#### [Data below]
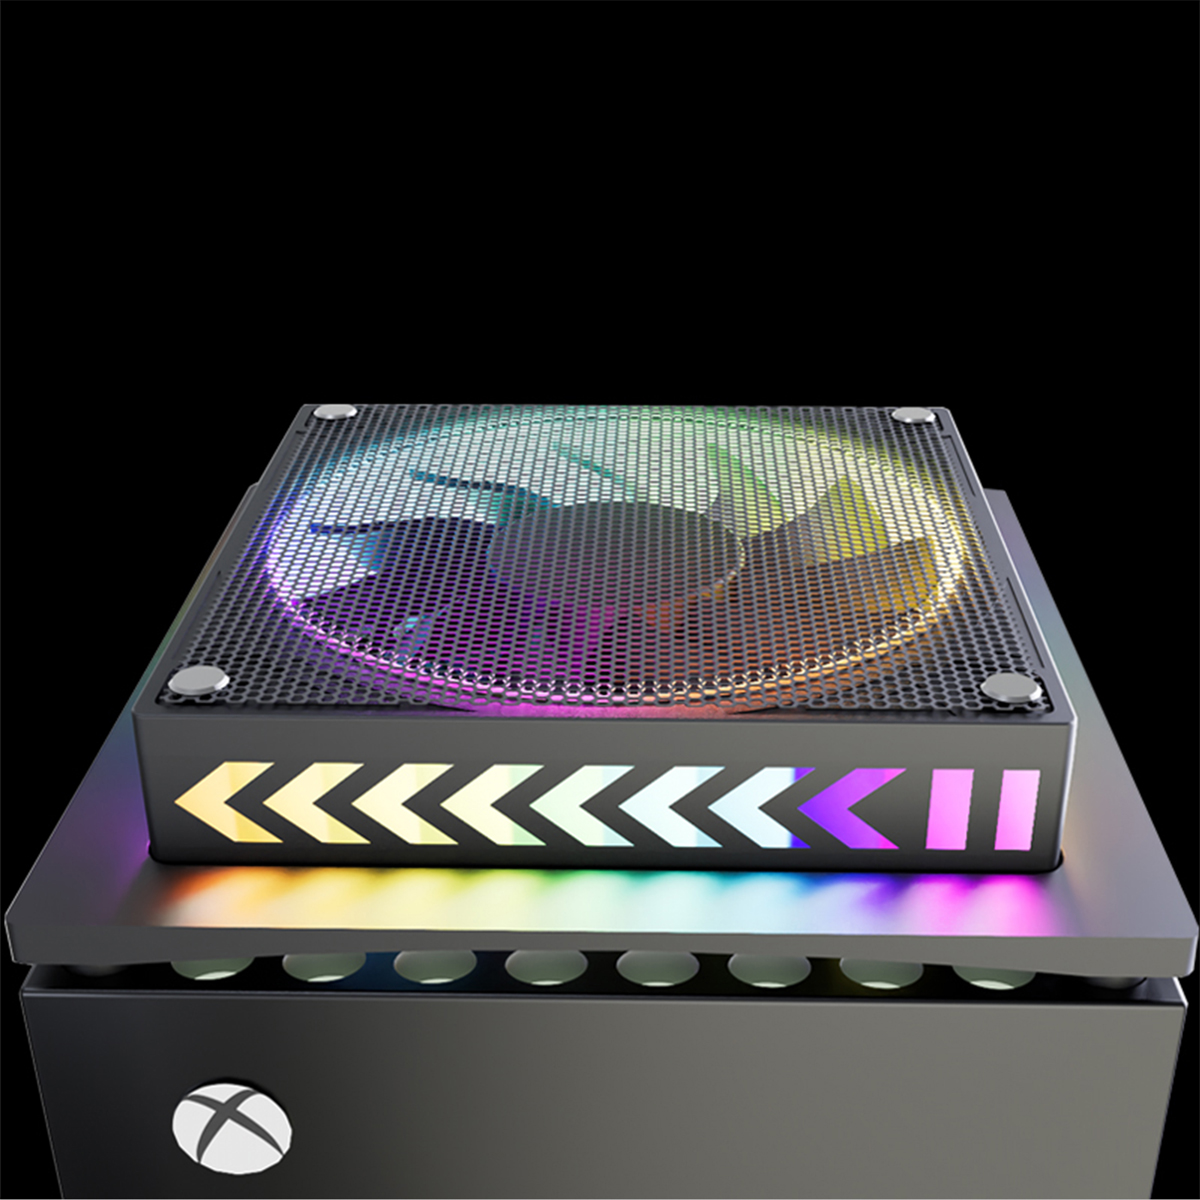 PlayStation RESPIEL 5-Controller, Xbox Dock,RGB, Konsolenzubehör, Kühlung Serie X/S schwarz XBOX-Konsole LED-Lichtleiste,für
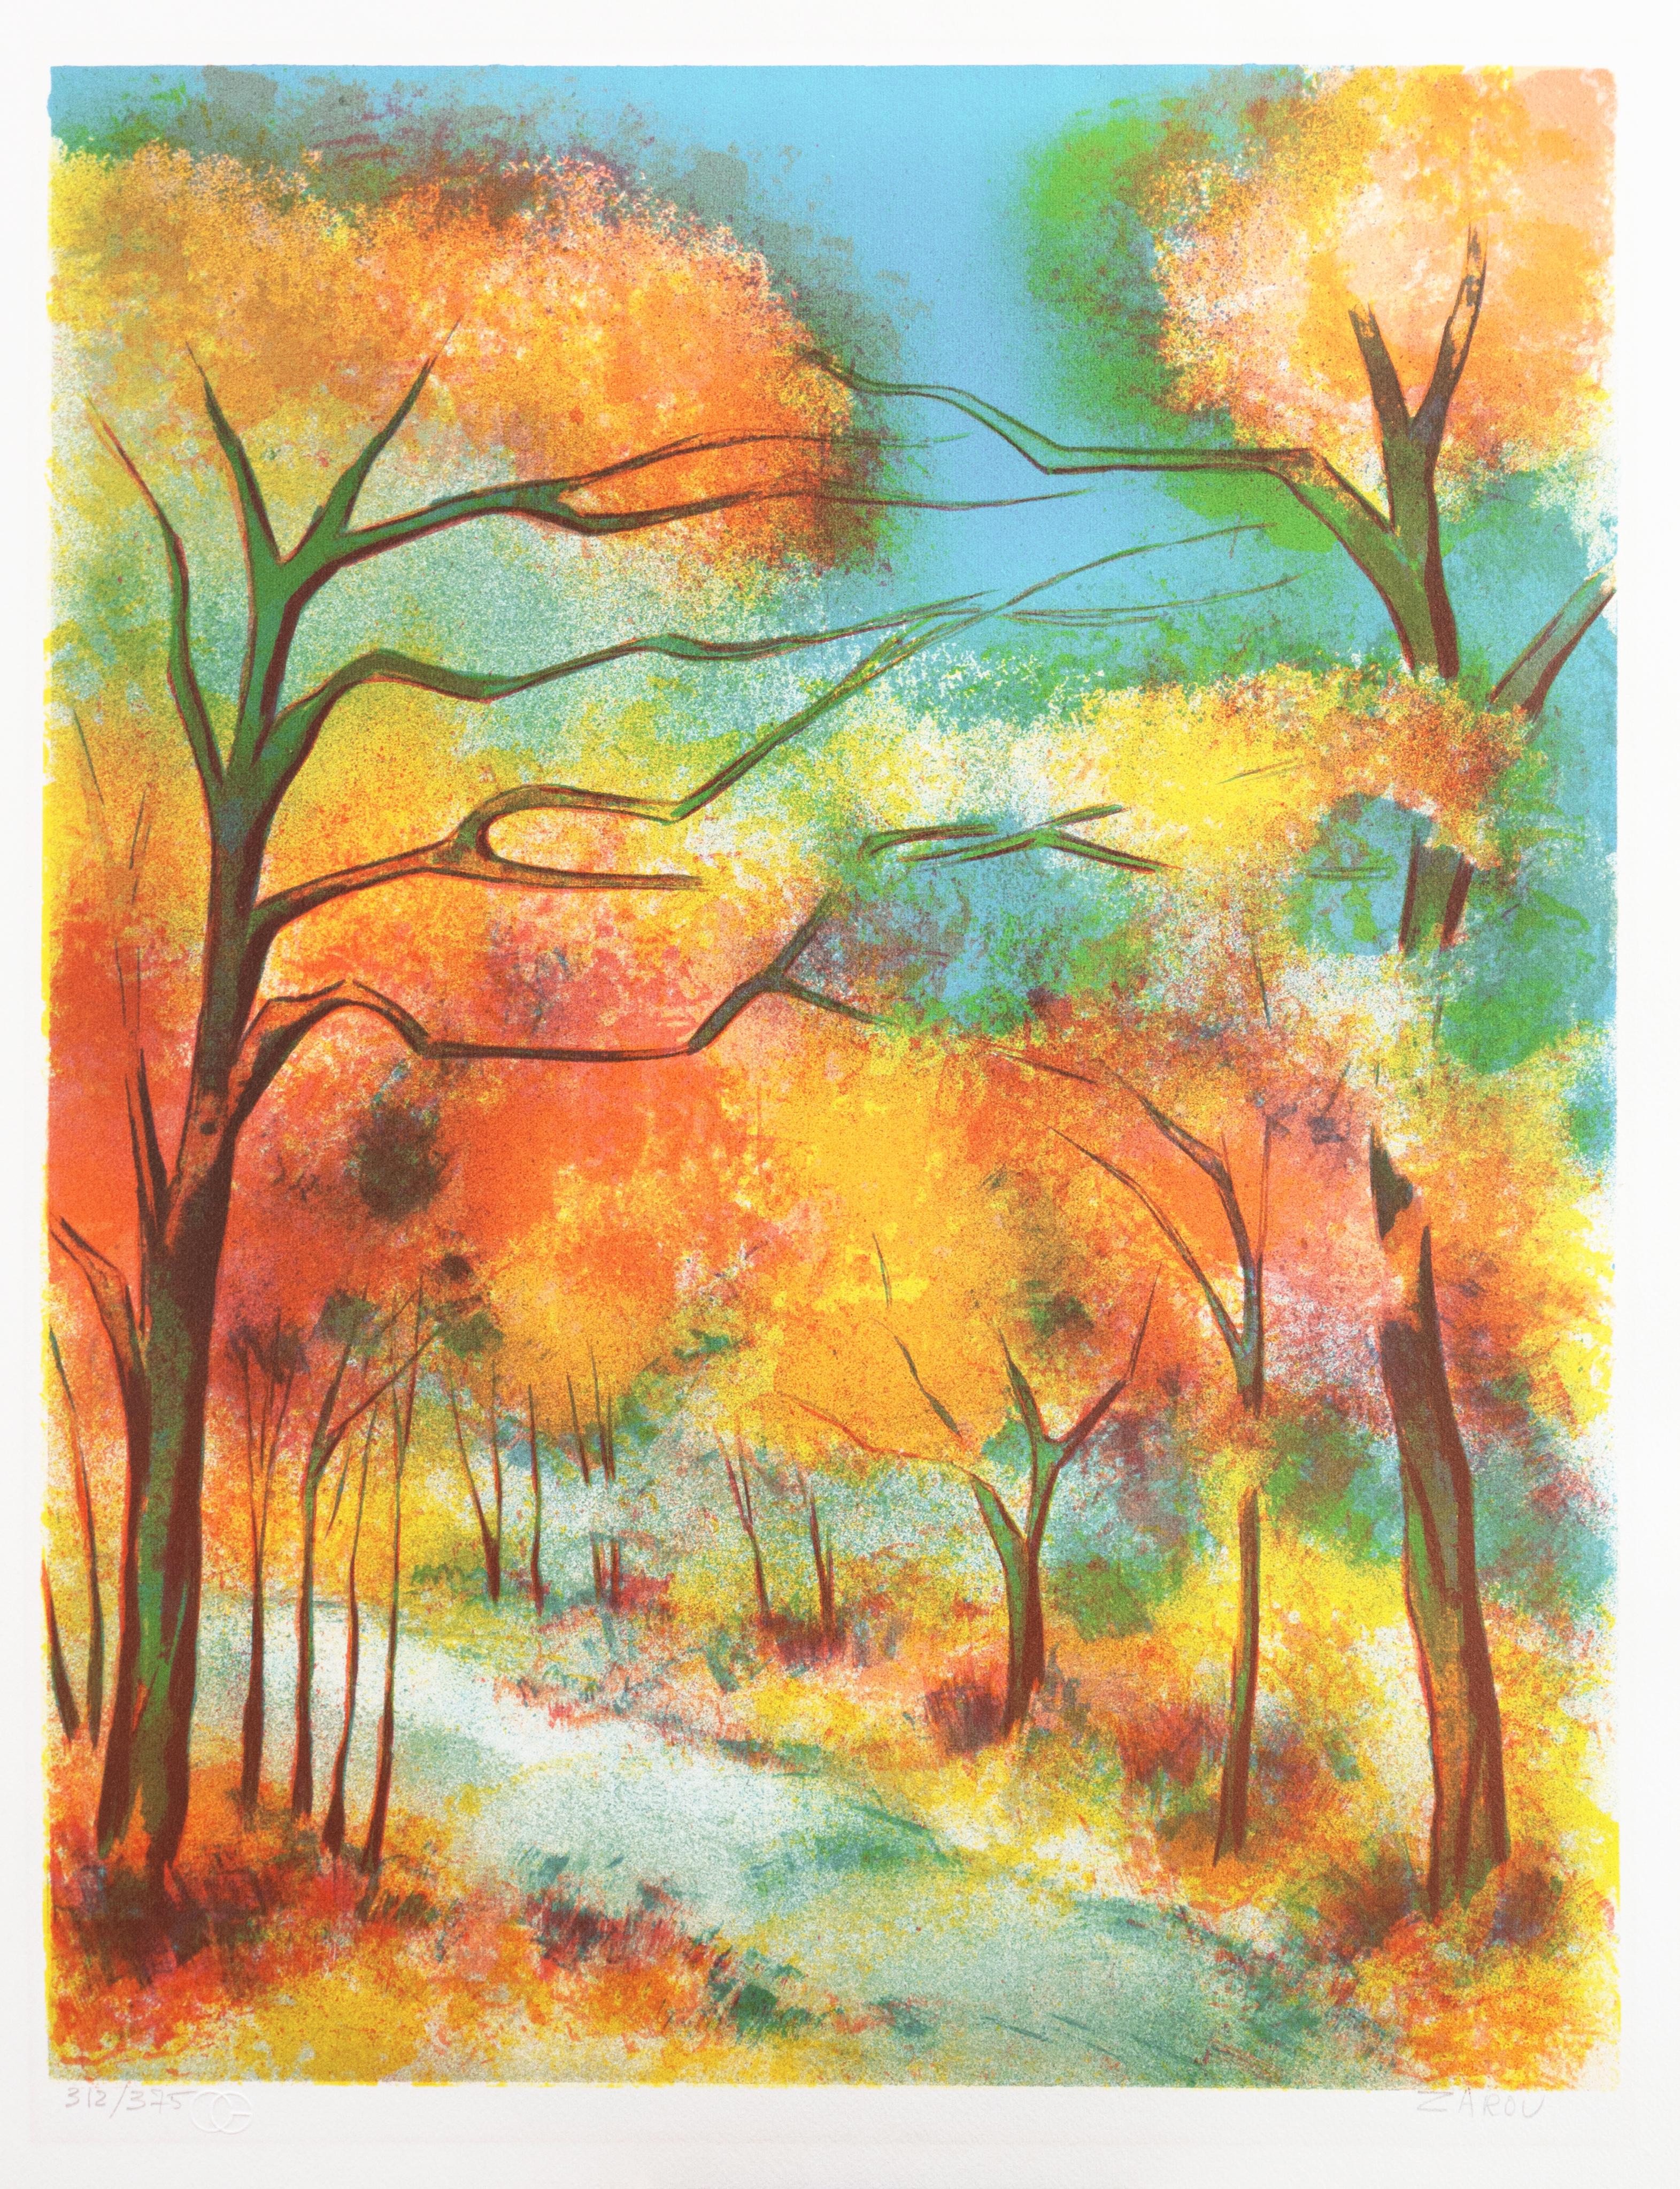  'Autumn Colors', French Post-Impressionist Landscape, Academie Julian, Paris - Print by Victor Zarou
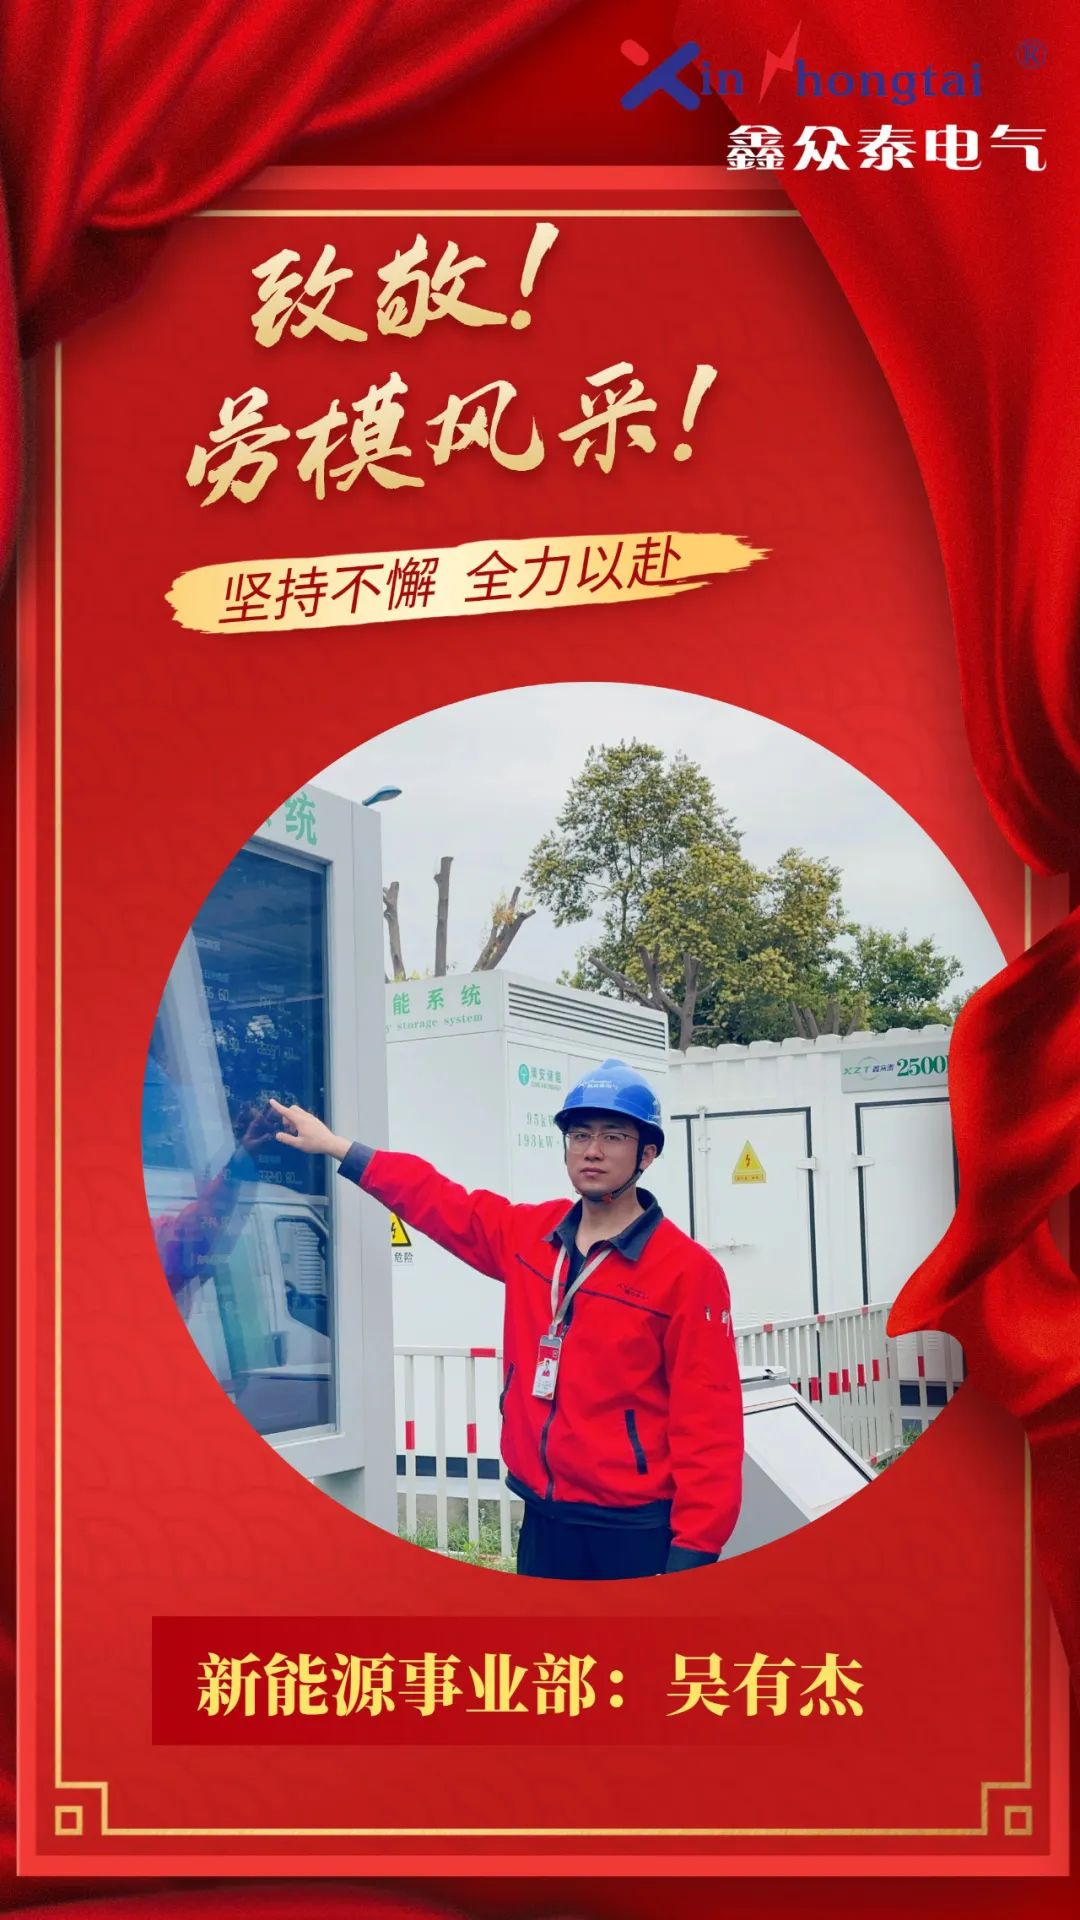 致敬勞模 I 鑫眾泰電氣2023年首屆勞模表彰來了！

#### [Problem requirements]
Leave the pictures aside. Set down exactly the lines from the one with "by Victor Zarou" through the final line of the listing above.

#### [Result for this task]
  'Autumn Colors', French Post-Impressionist Landscape, Academie Julian, Paris - Print by Victor Zarou
 致敬勞模 I 鑫眾泰電氣2023年首屆勞模表彰來了！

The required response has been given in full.